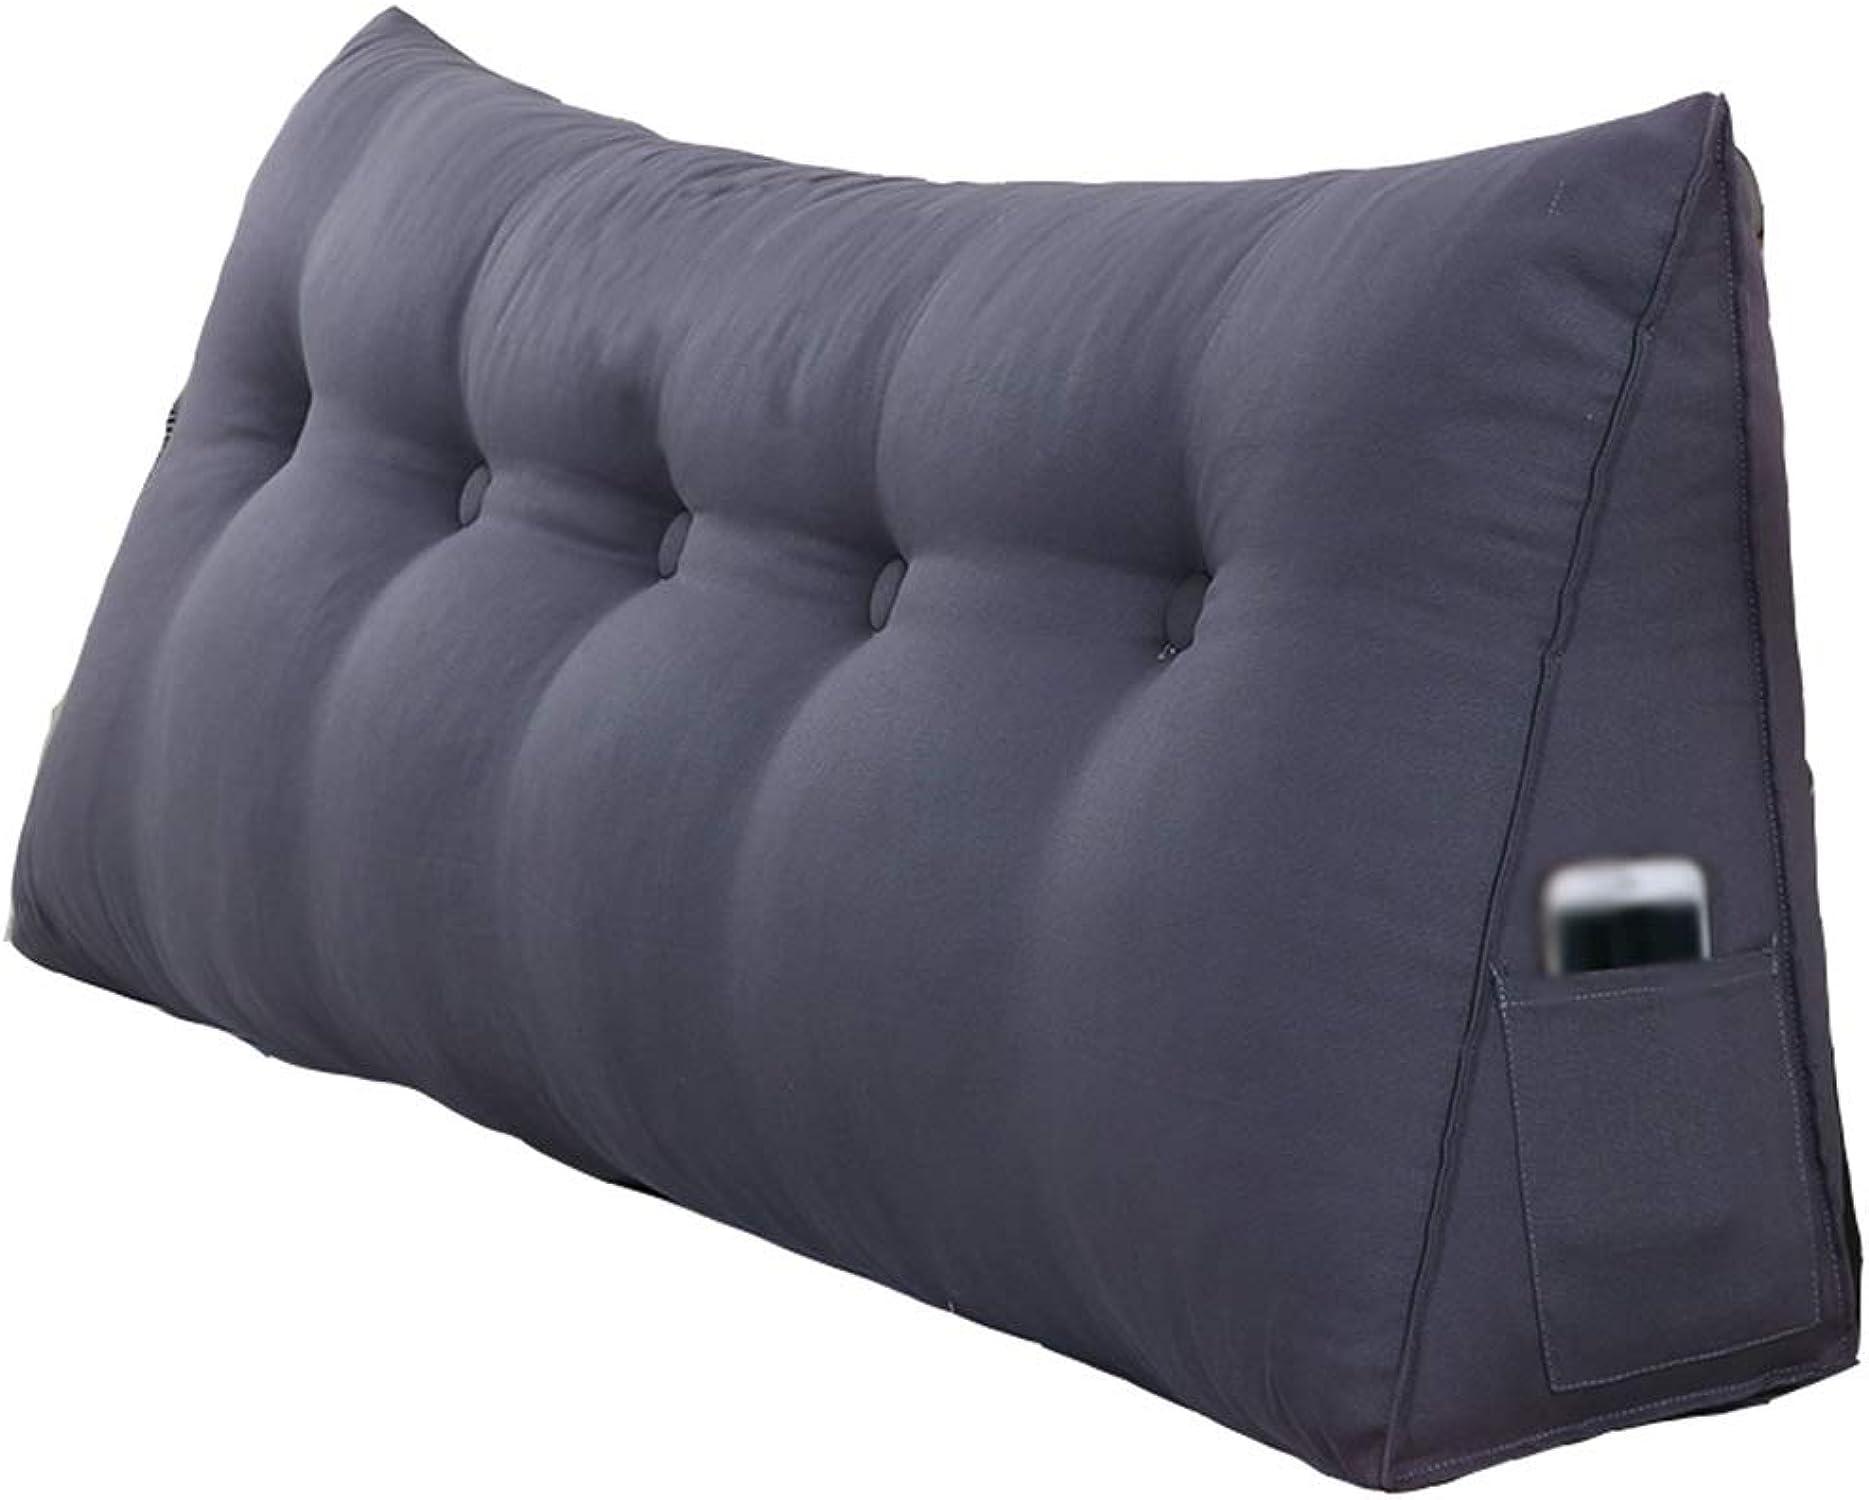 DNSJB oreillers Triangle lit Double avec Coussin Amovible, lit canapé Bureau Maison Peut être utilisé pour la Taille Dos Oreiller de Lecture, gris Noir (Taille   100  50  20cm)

---

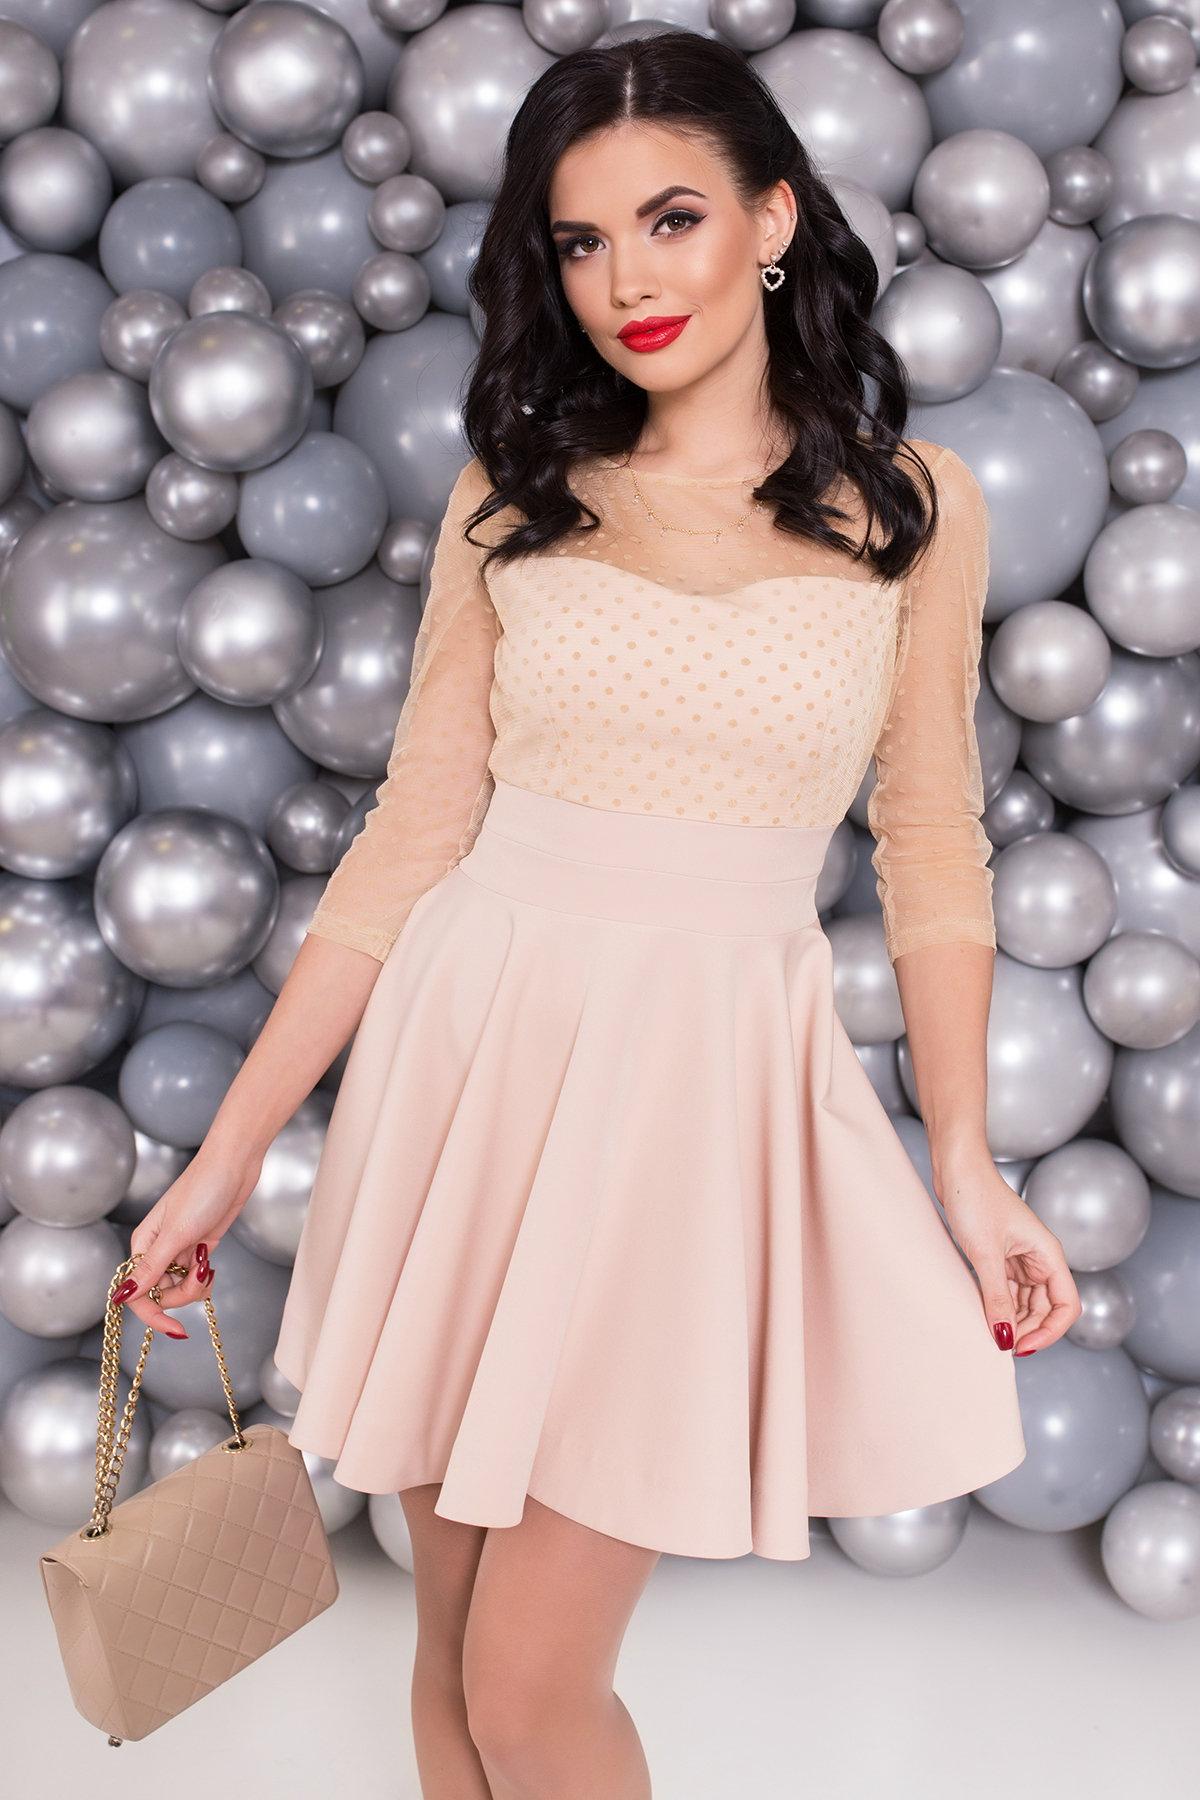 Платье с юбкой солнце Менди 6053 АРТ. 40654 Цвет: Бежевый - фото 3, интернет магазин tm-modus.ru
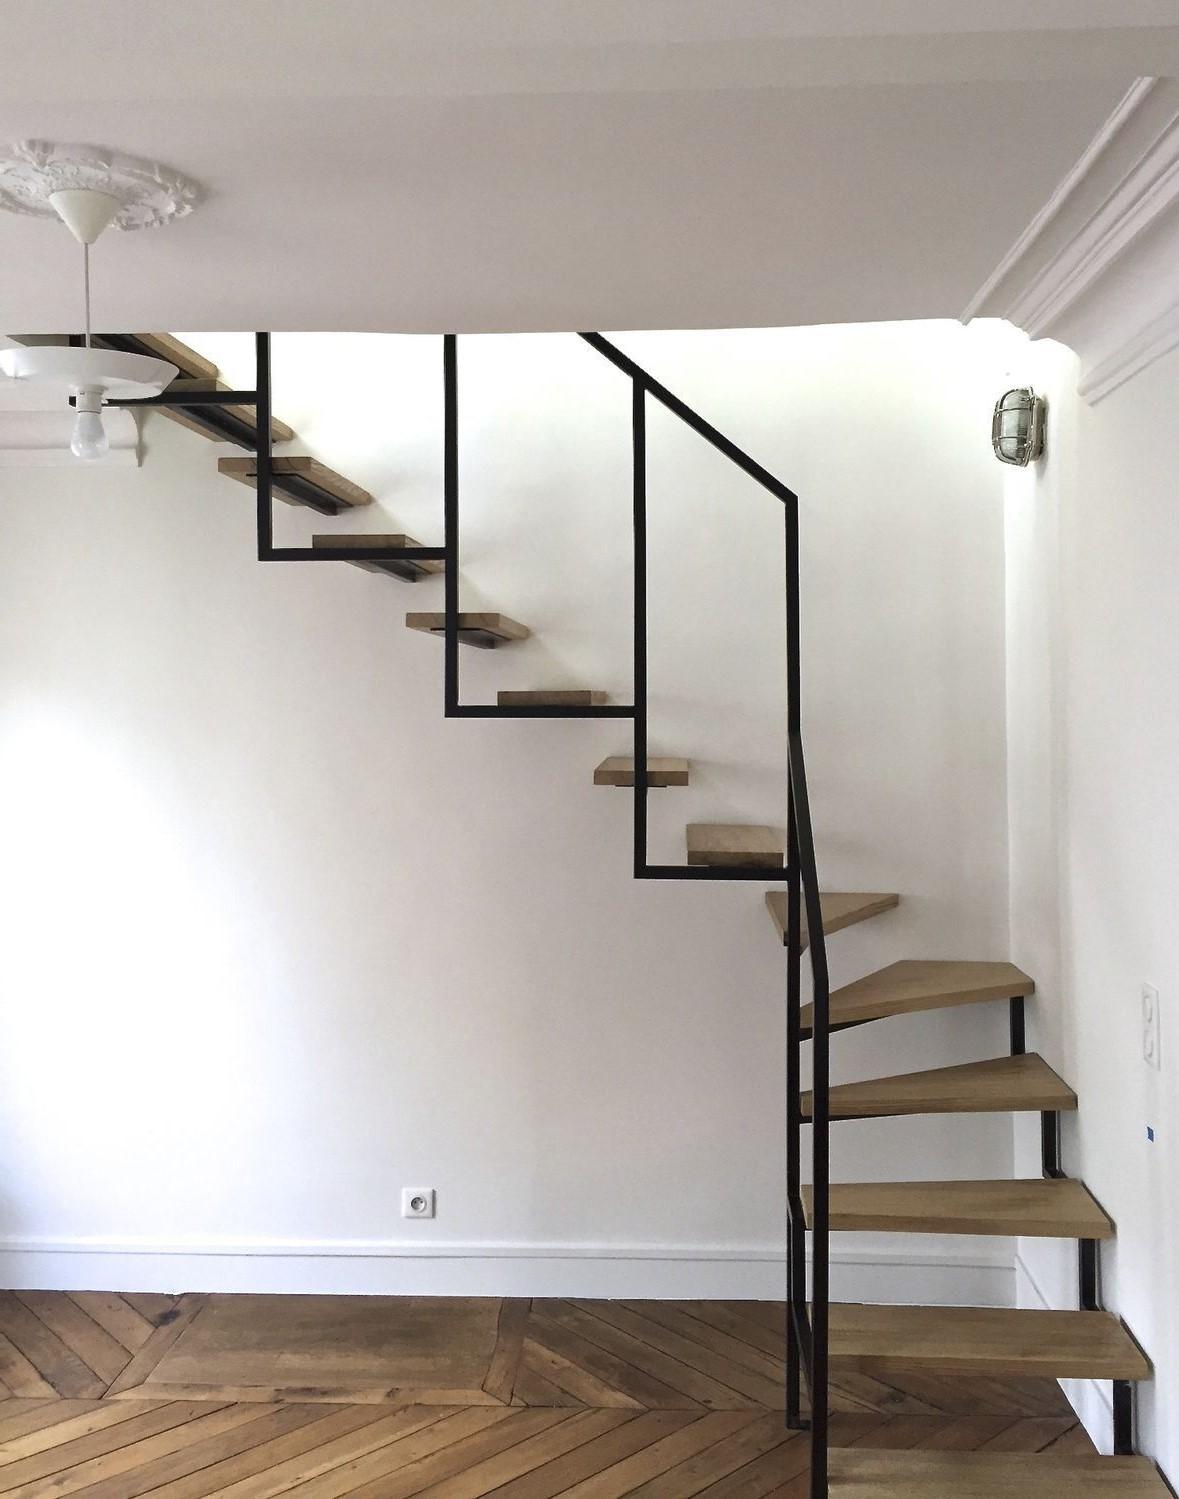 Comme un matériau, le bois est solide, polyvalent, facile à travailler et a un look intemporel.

● Problem requirements
Above are records; repeat only the lines from the line with "Платье с юбкой" through the line with "Comme un matériau, le", and leave pictures out.

● Finished exercise
 Платье с юбкой солнце Менди 6053 АРТ. 40654 Цвет: Бежевый - фото 3, интернет магазин tm-modus.ru
 Comme un matériau, le bois est solide, polyvalent, facile à travailler et a un look intemporel.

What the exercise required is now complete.